### TASK DESCRIPTION
Print all of the data exactly, but drop the pictures.

Segment Start: EXERCISE DATA

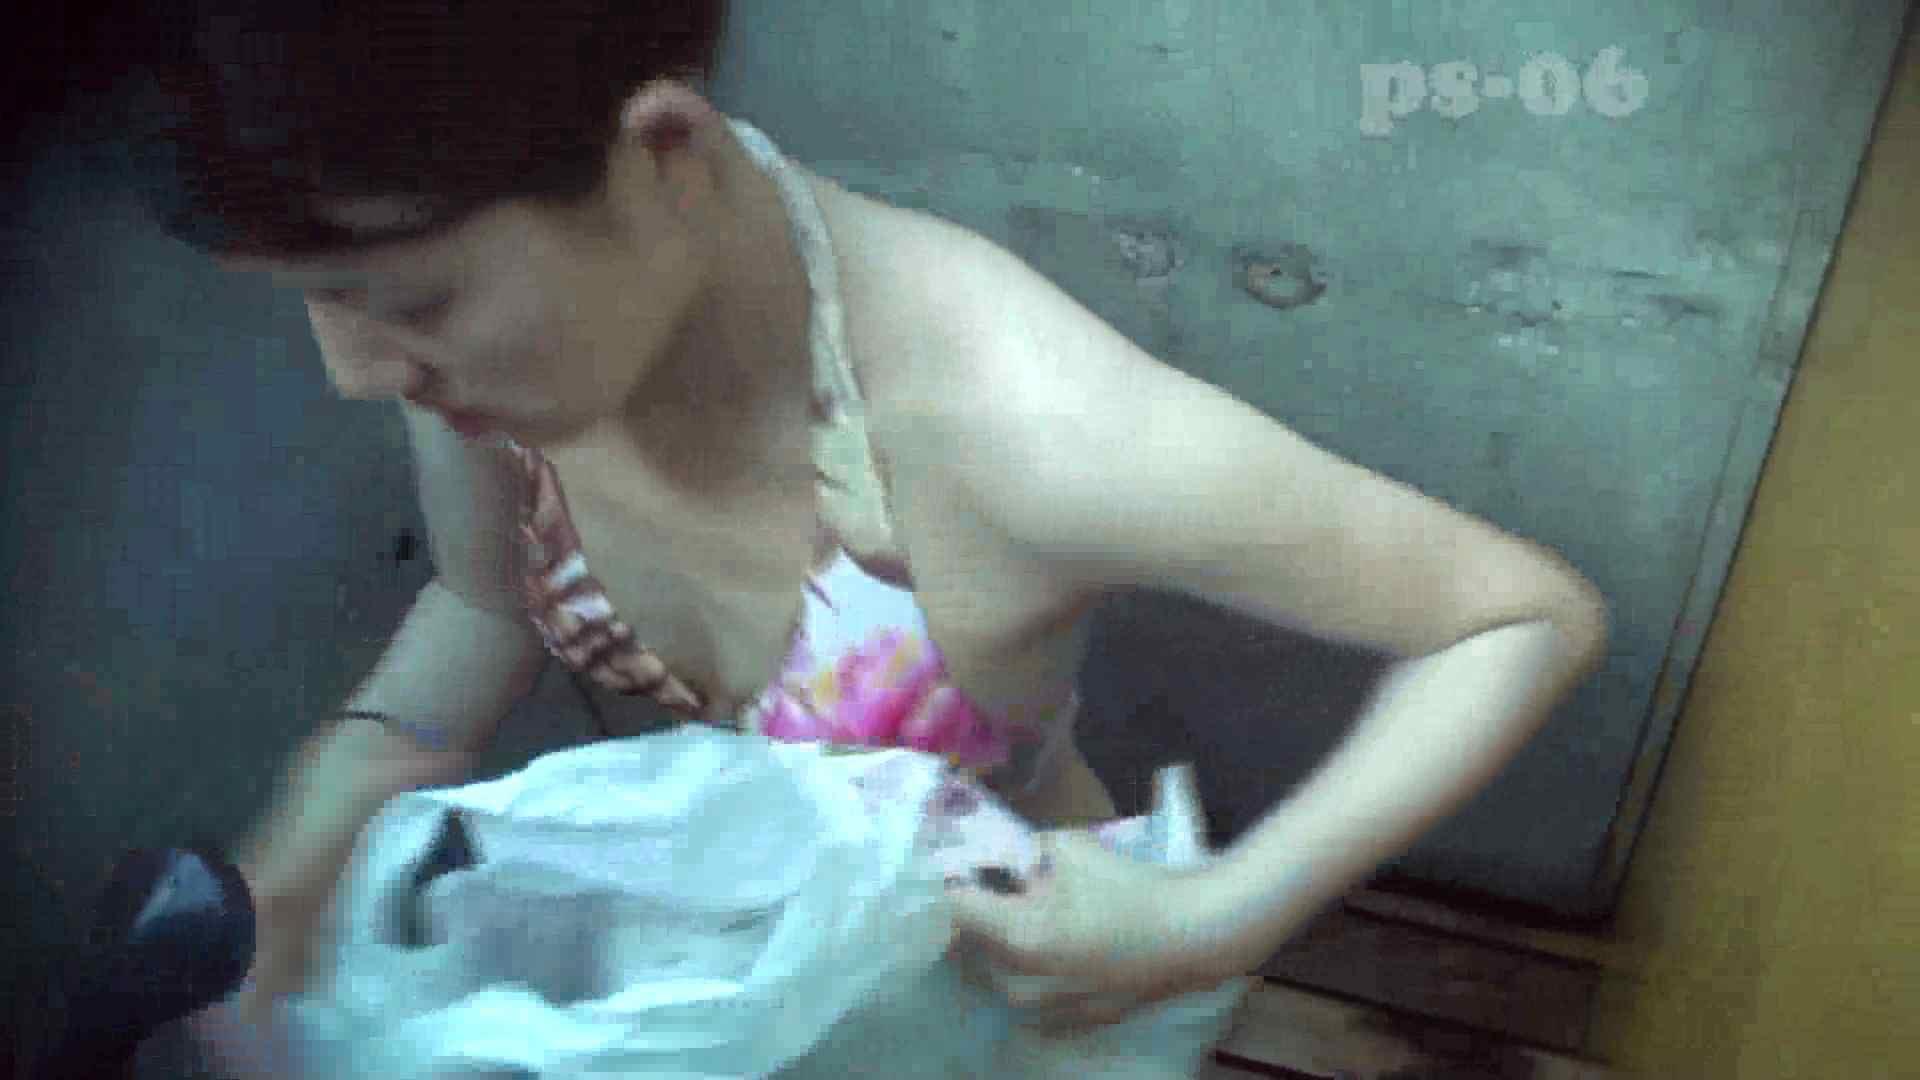 シャワールームは危険な香りVol.6(ハイビジョンサンプル版) 盛合せ  111PIX 29
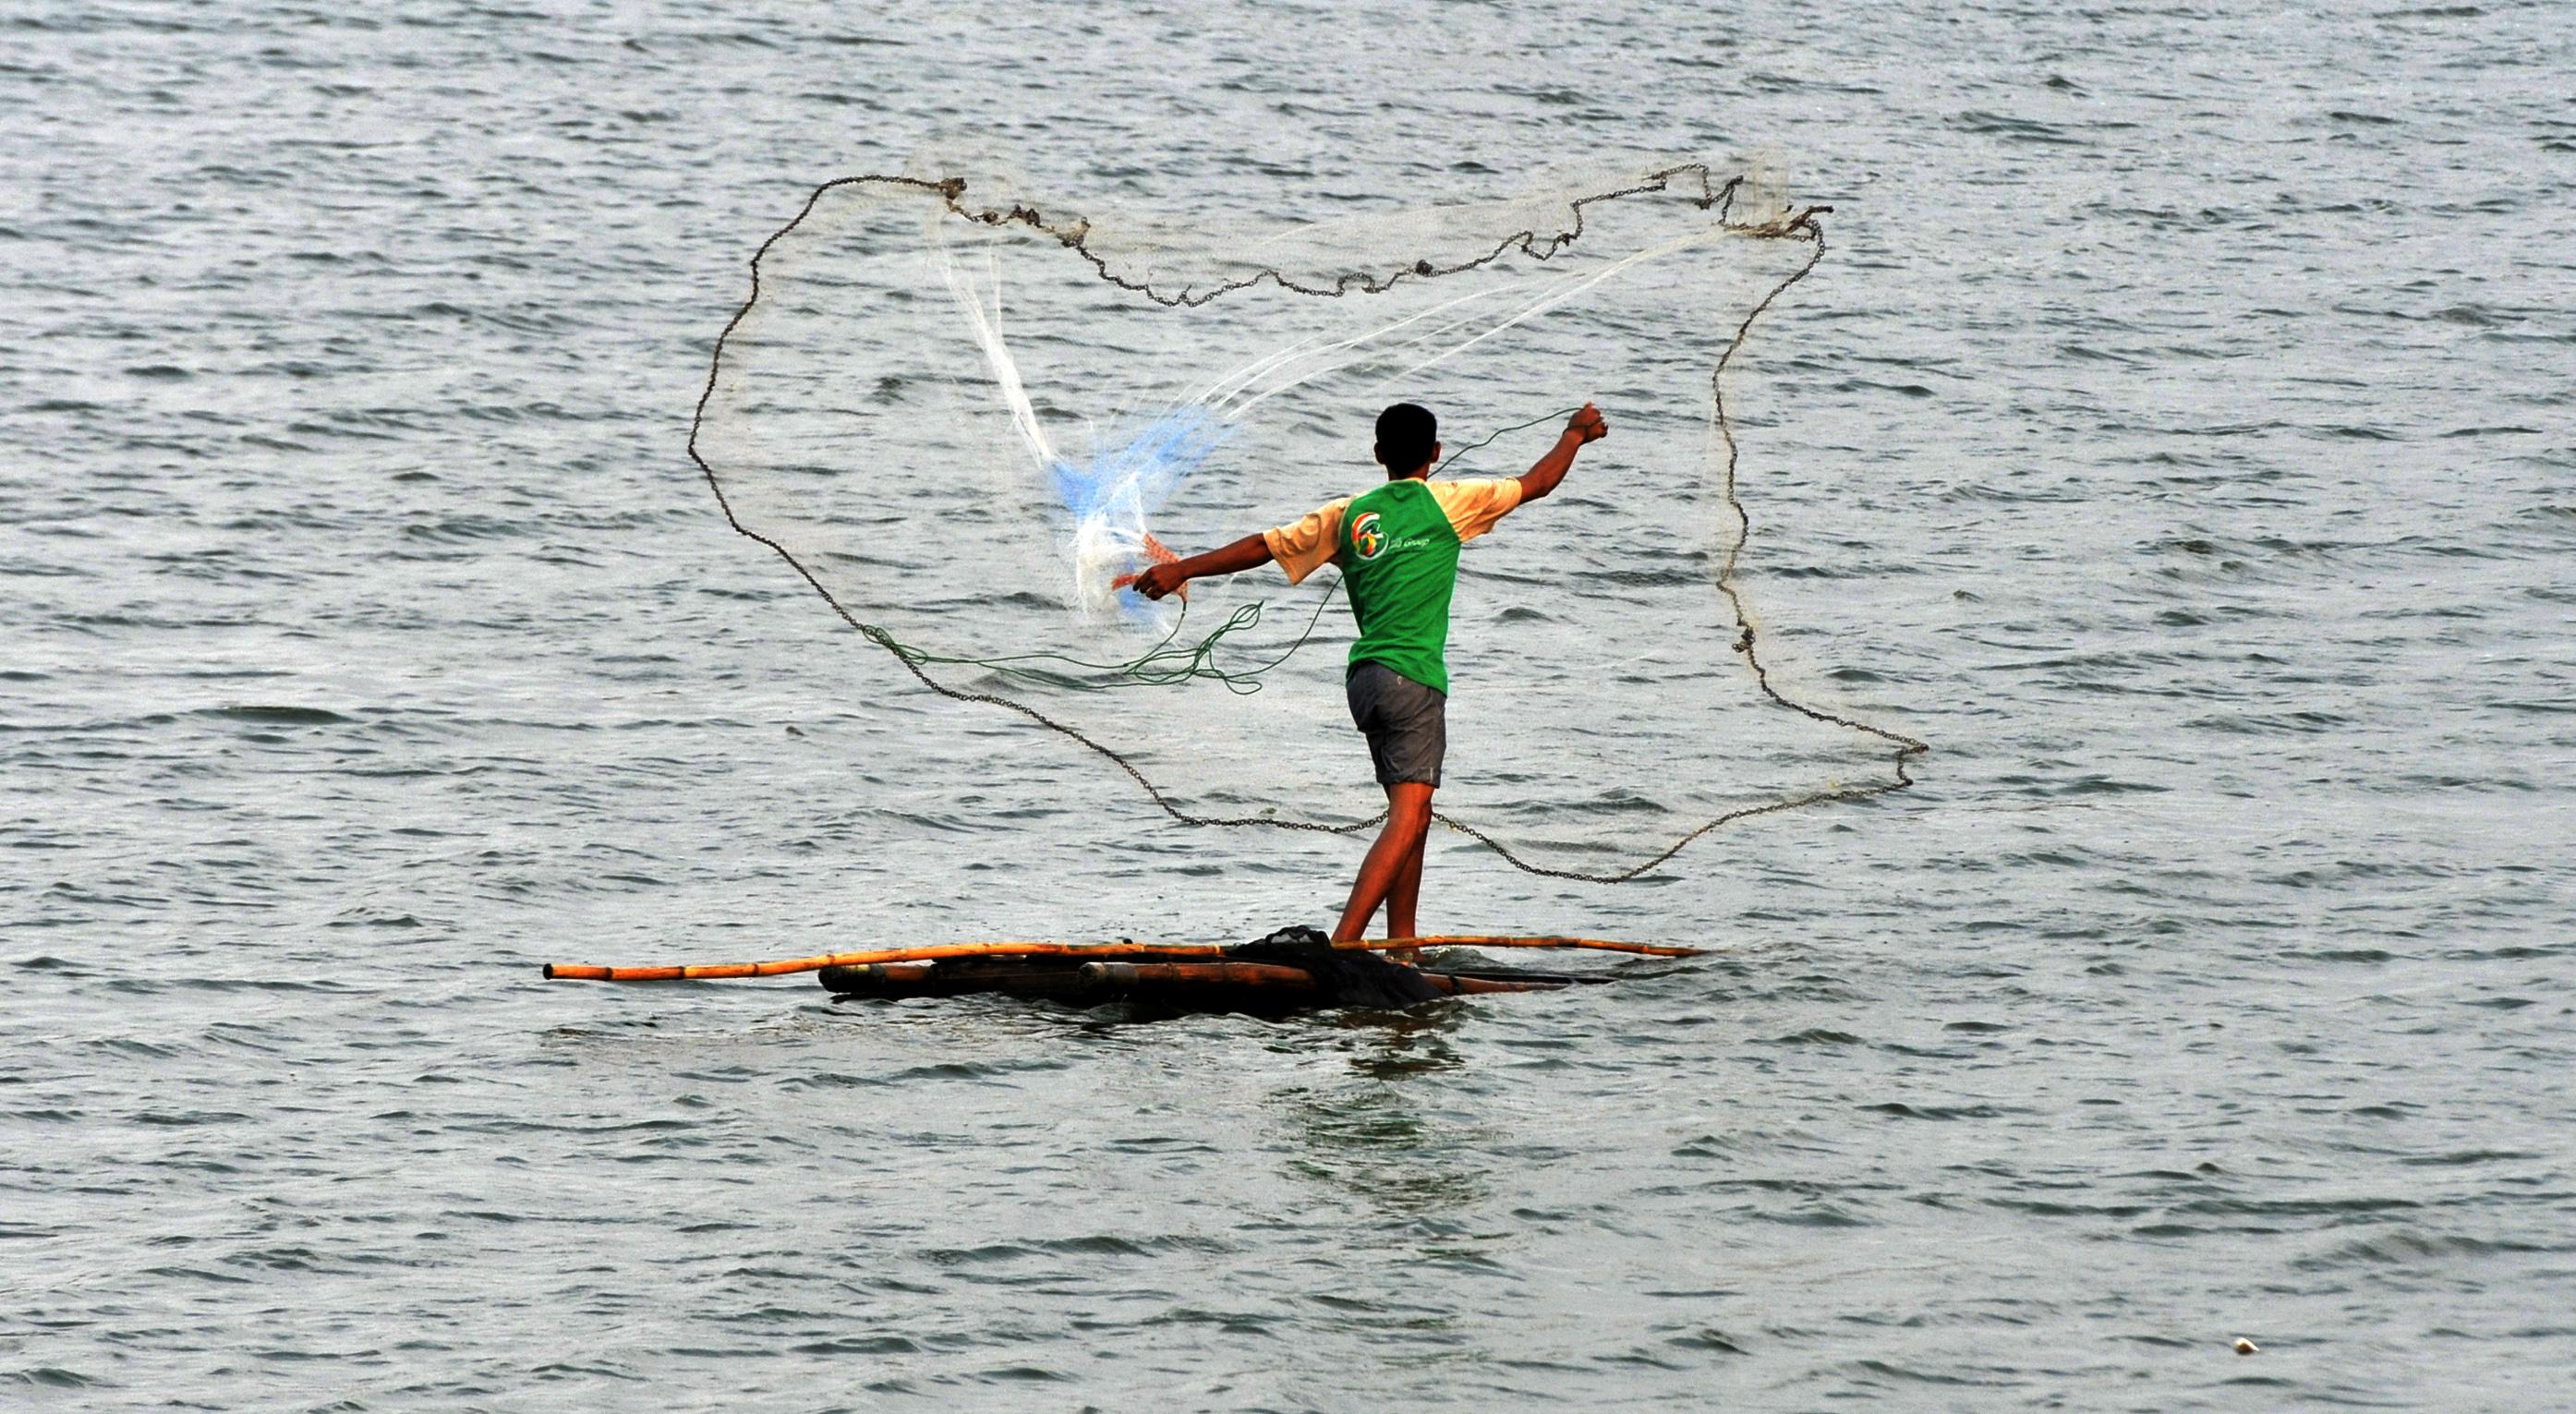 Nelayan menjala ikan tawar di Danau Barombong Makassar, Sulawesi Selatan, Minggu (8/11). Habitat ikan tawar di Makassar terancam punah karena banyak rawa tempat ikan tawar yang dibangun perumahan. ANTARA FOTO/Yusran Uccang.
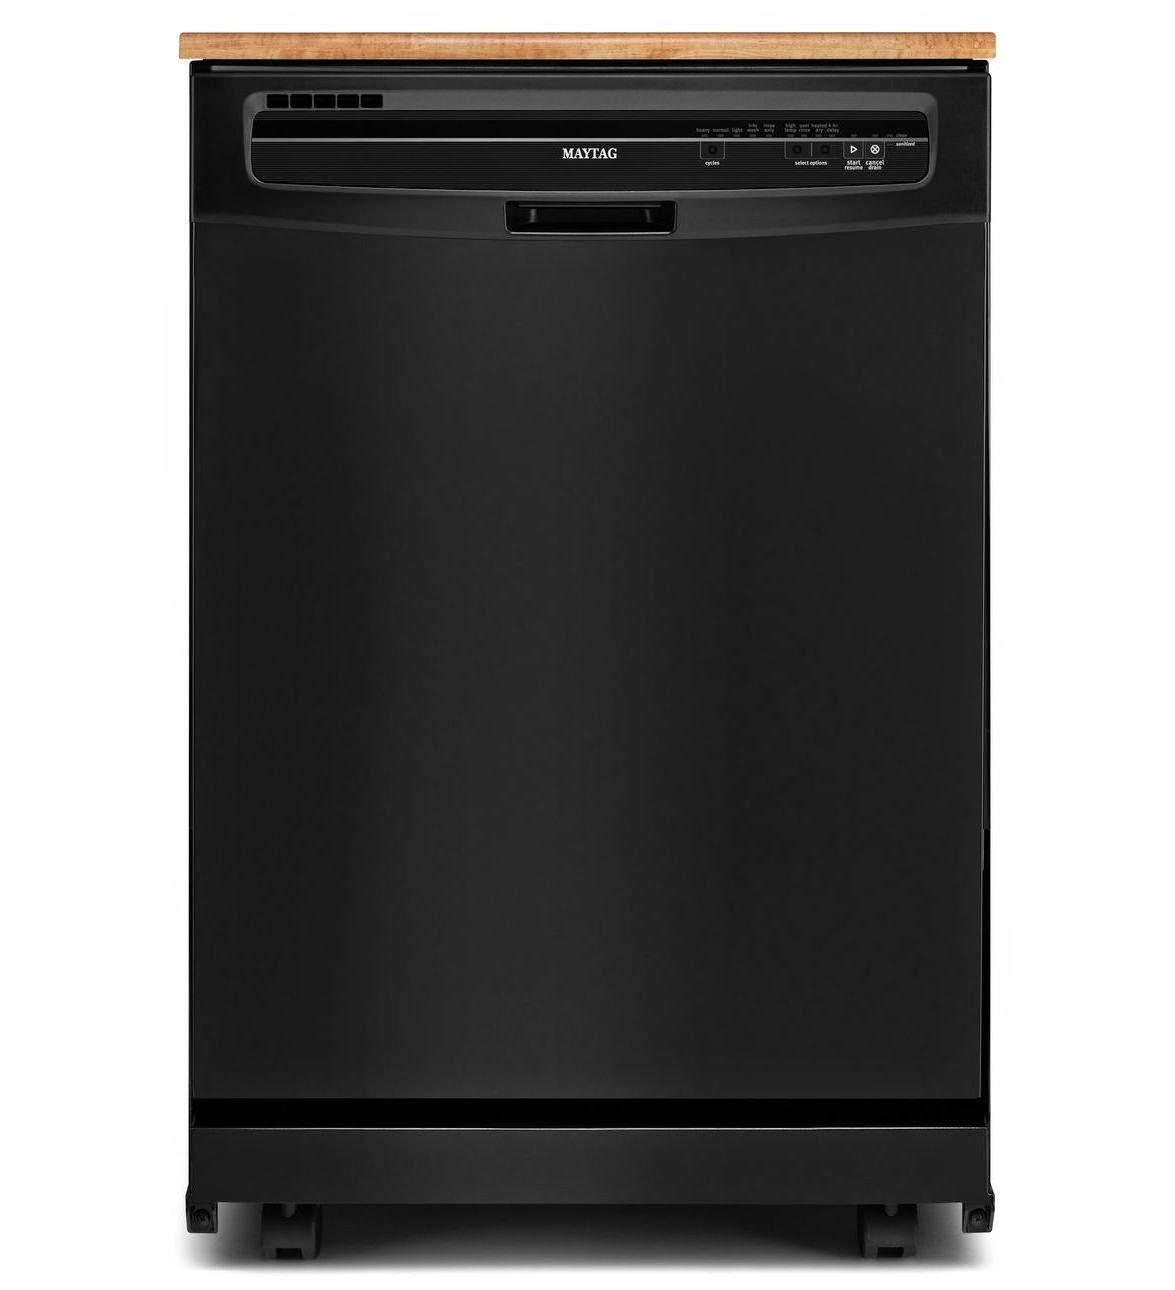 MDC4809PAB Black Reviews

Segment End: EXERCISE DATA

### ANSWER TO THE EXERCISE
 シャワールームは危険な香りVol.6(ハイビジョンサンプル版) 盛合せ  111PIX 29
 Nelayan menjala ikan tawar di Danau Barombong Makassar, Sulawesi Selatan, Minggu (8/11). Habitat ikan tawar di Makassar terancam punah karena banyak rawa tempat ikan tawar yang dibangun perumahan. ANTARA FOTO/Yusran Uccang.
 MDC4809PAB Black Reviews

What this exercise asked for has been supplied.